→ **TASK ITEM**
Copy the lines below word for word, skipping any image.

→ **DATASET EXTRACT**
* * * * * * *

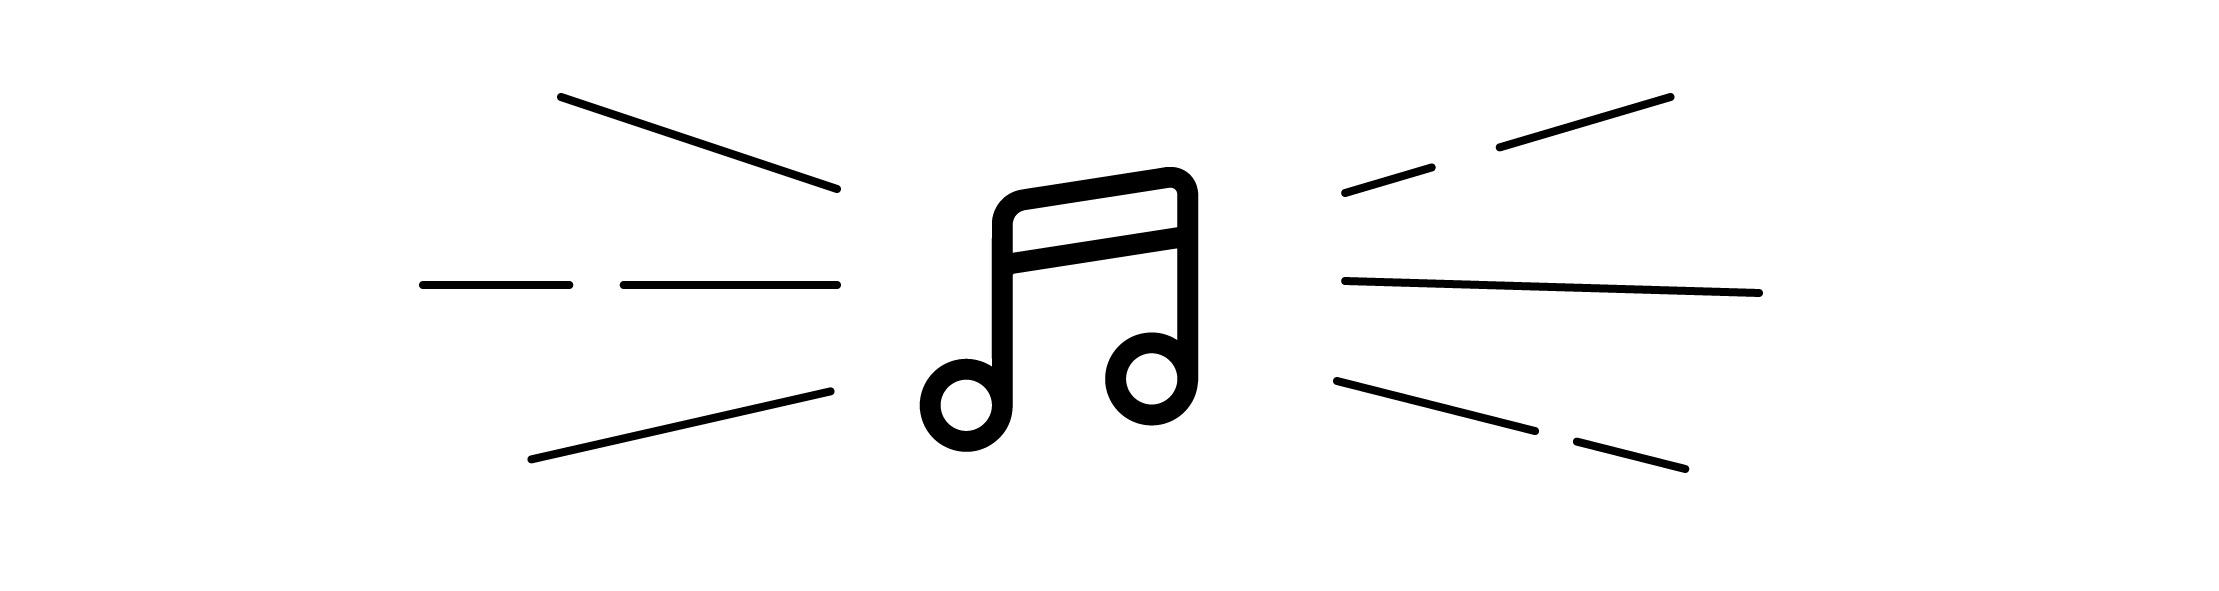 bct-quick-start-Artboard 6 copy2.png
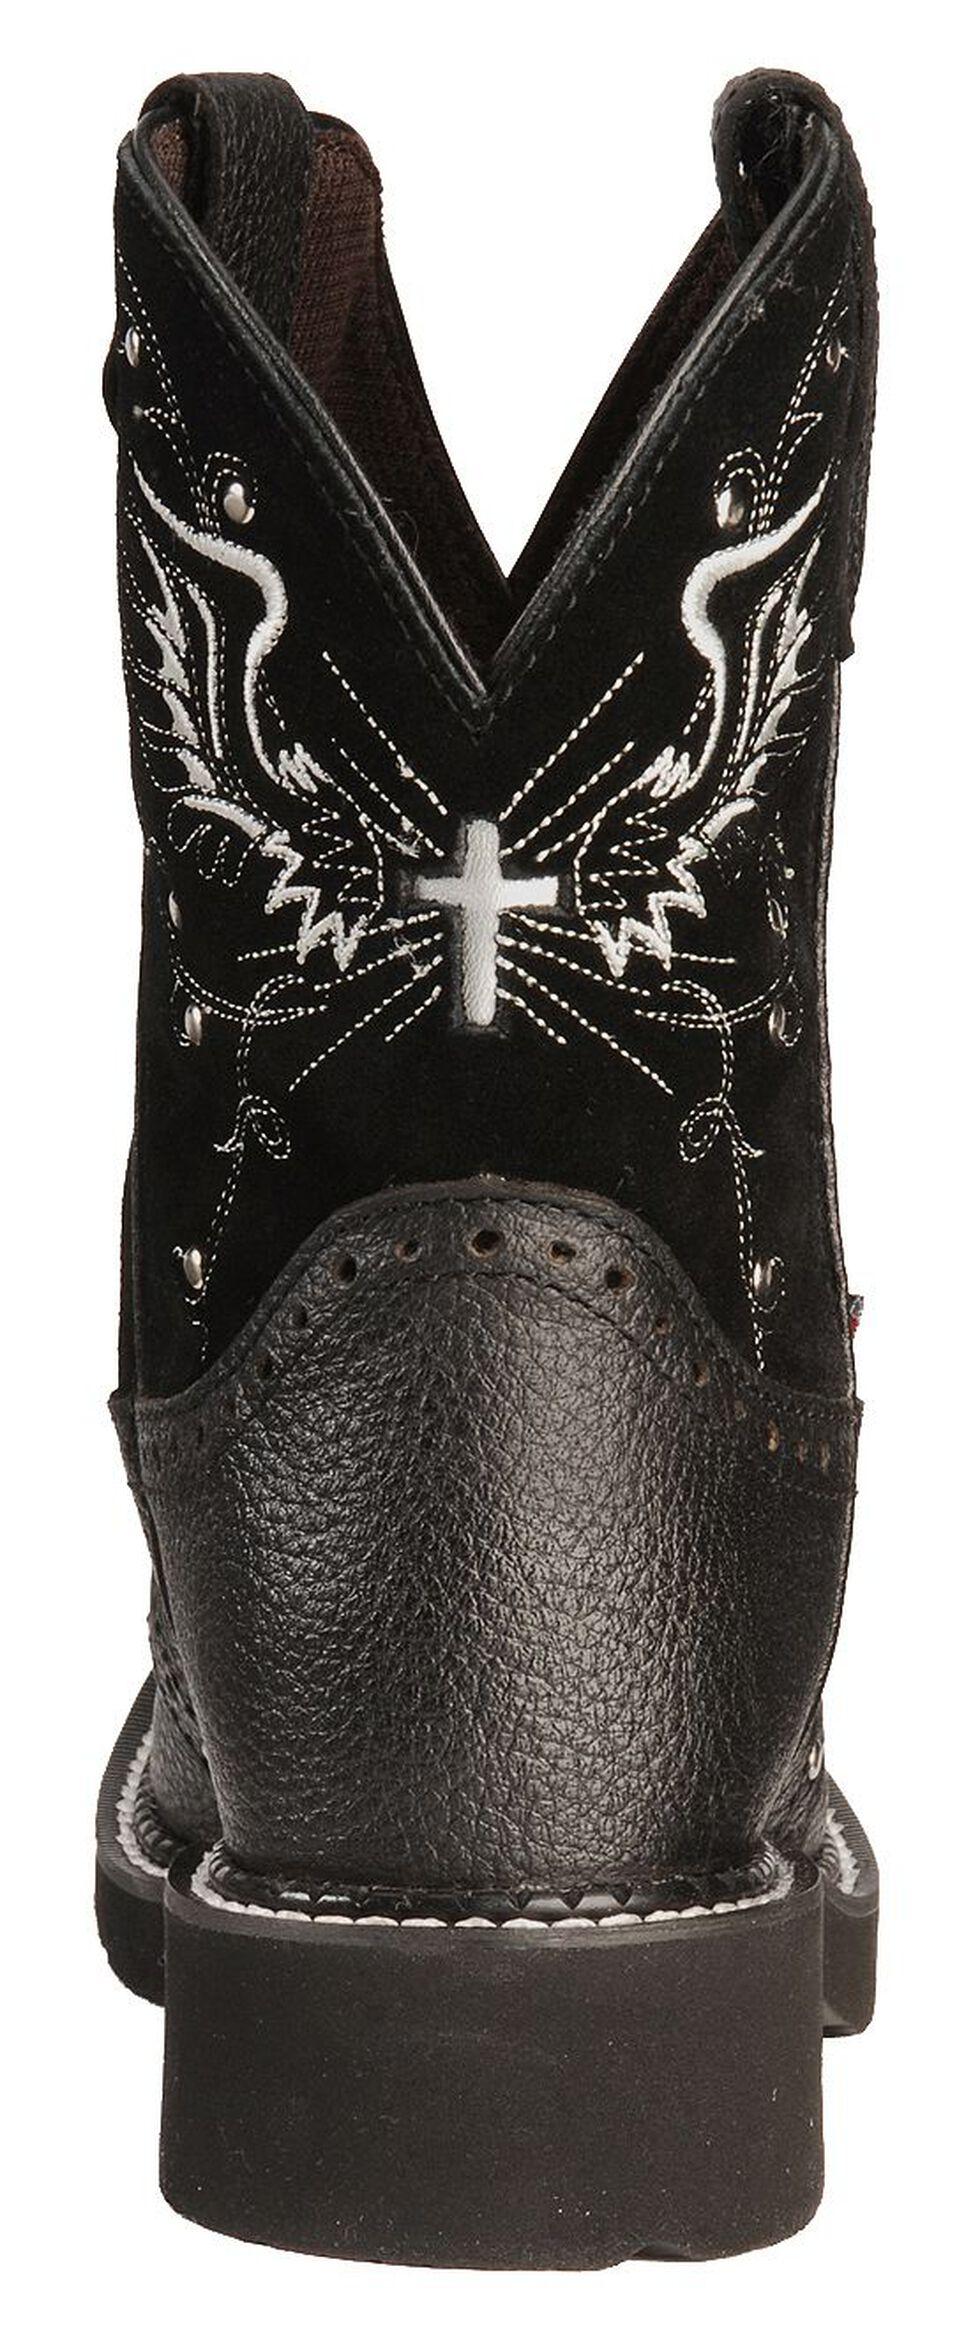 Justin Gypsy Women's Mandra Black Cowgirl Boots - Square Toe, Black, hi-res
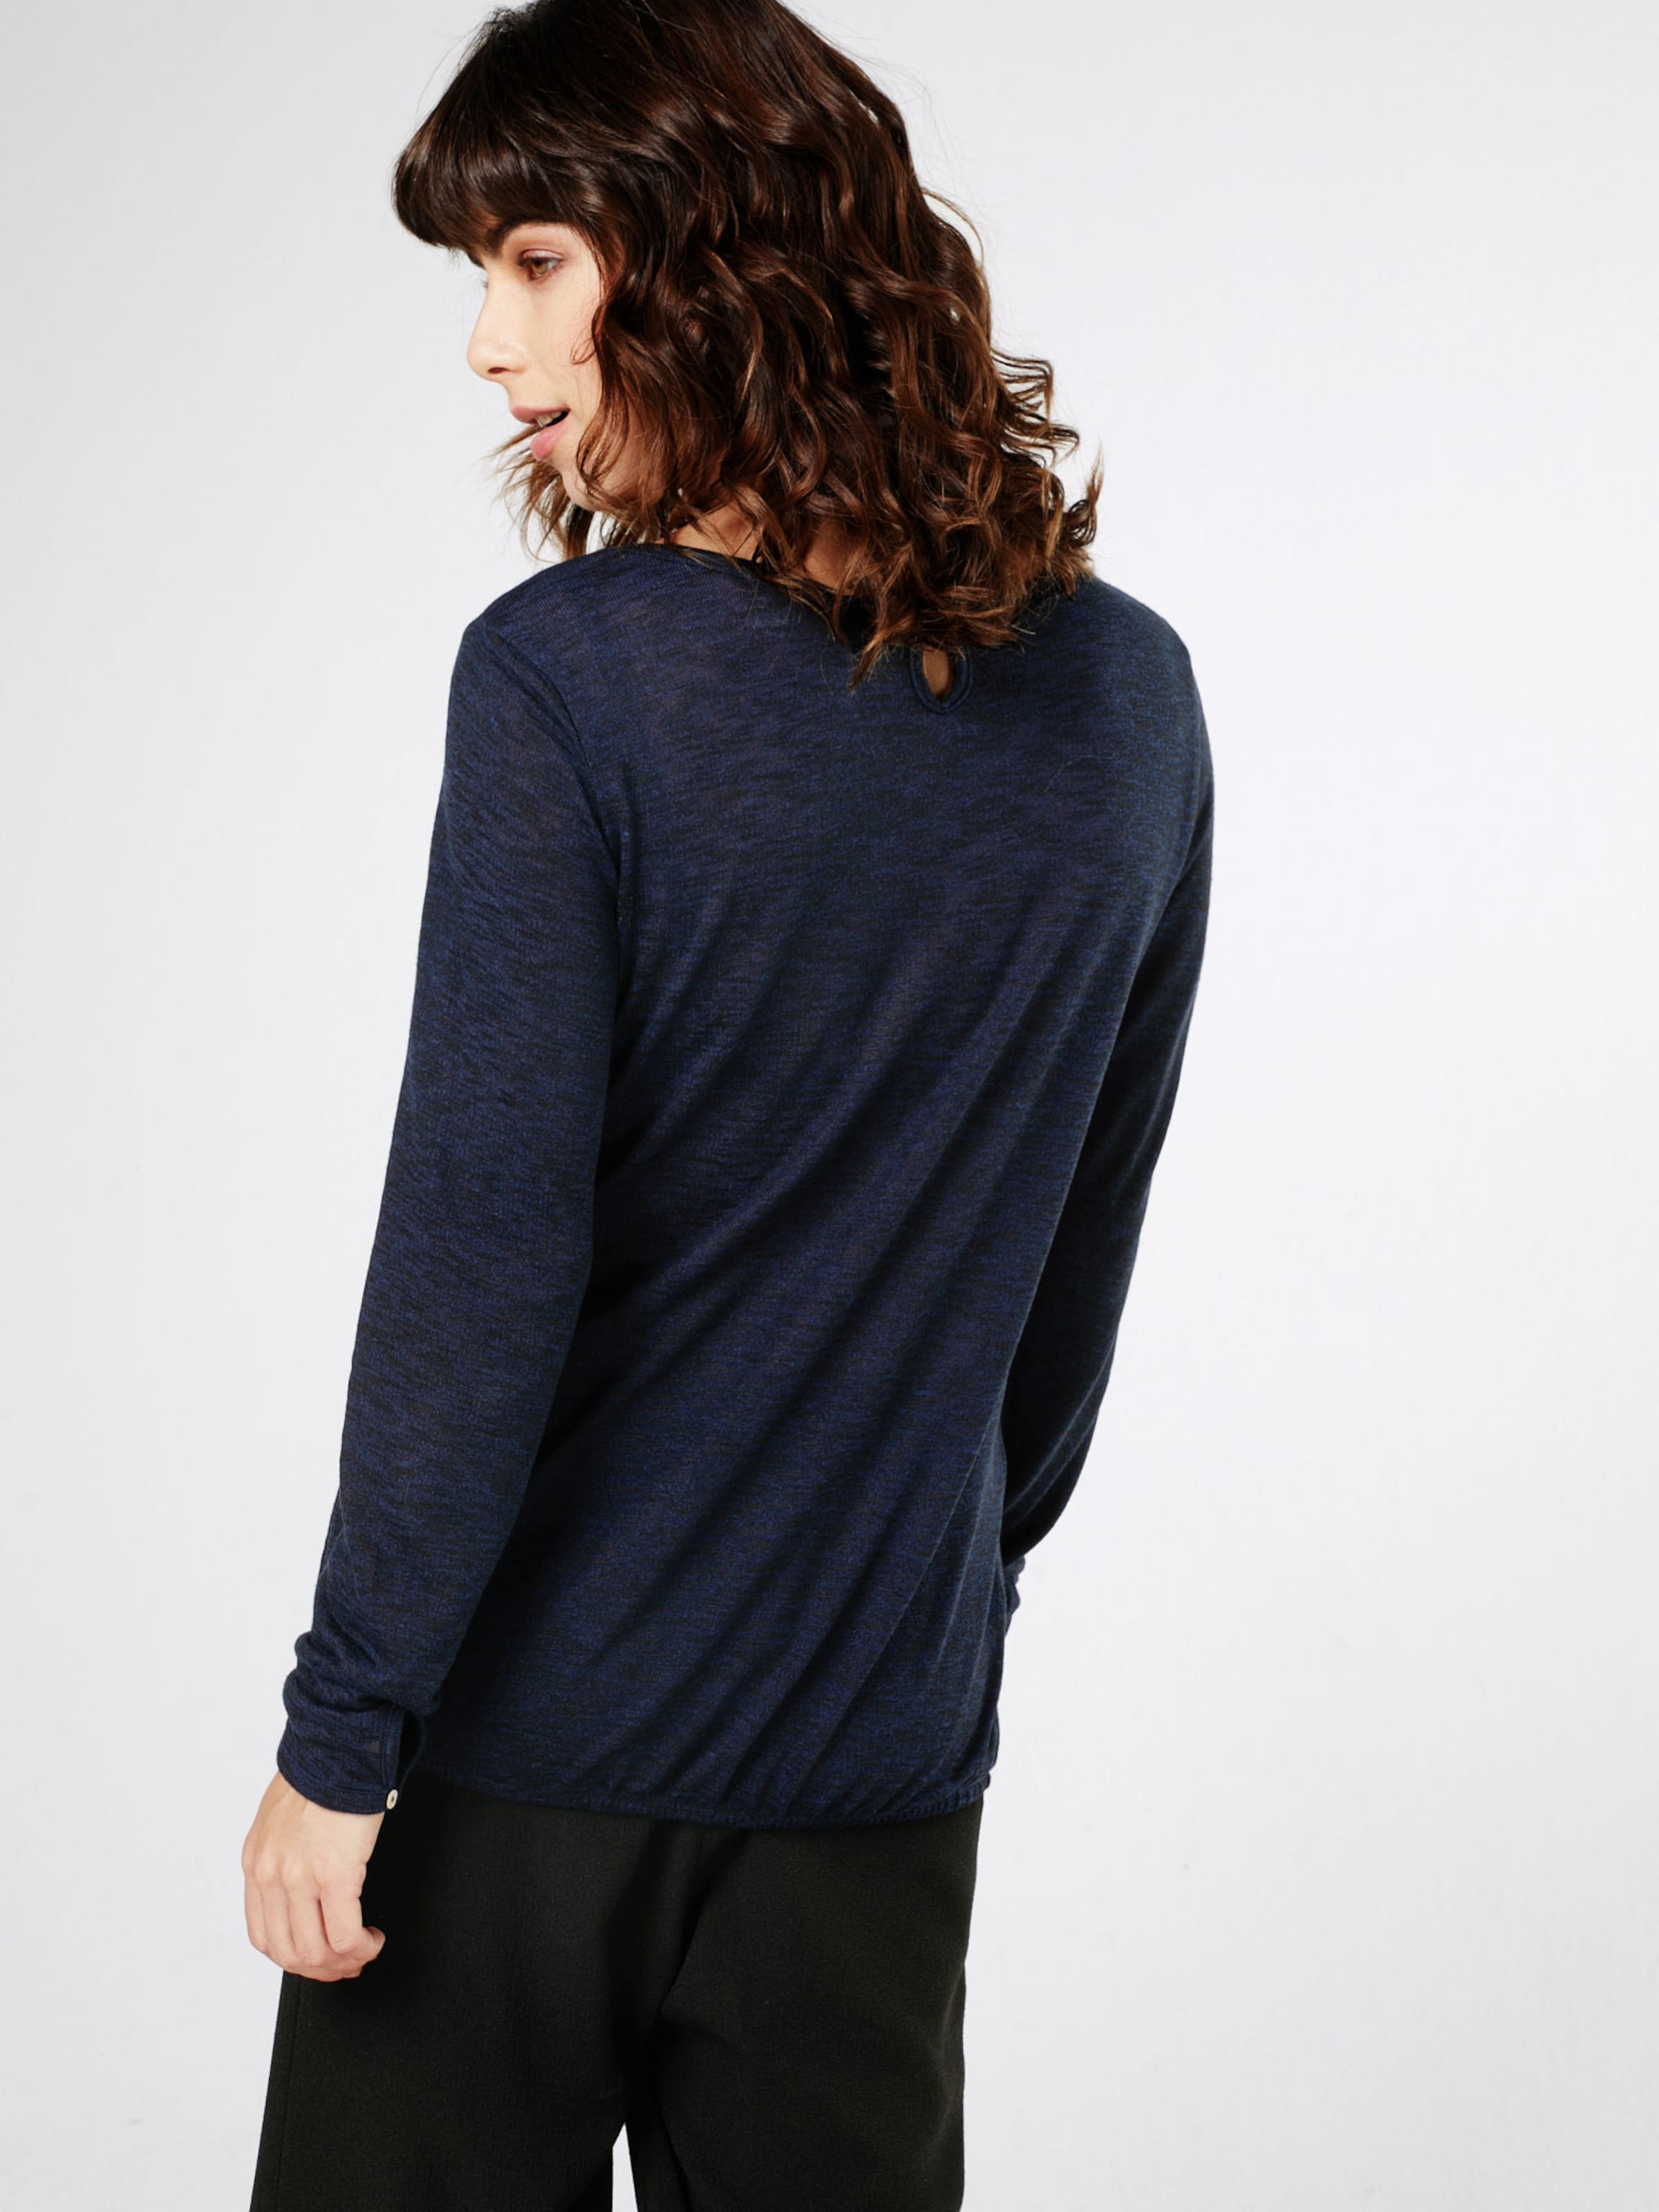 Manchester Verkauf Online ESPRIT Jersey Shirt 'Bubblehem' Neueste Online Billig Offiziellen WZ1wnXnQOw

* * * * * * *

→ **ANSWER SECTION**
 bct-quick-start-Artboard 6 copy2.png
 Justin Gypsy Women's Mandra Black Cowgirl Boots - Square Toe, Black, hi-res
 Manchester Verkauf Online ESPRIT Jersey Shirt 'Bubblehem' Neueste Online Billig Offiziellen WZ1wnXnQOw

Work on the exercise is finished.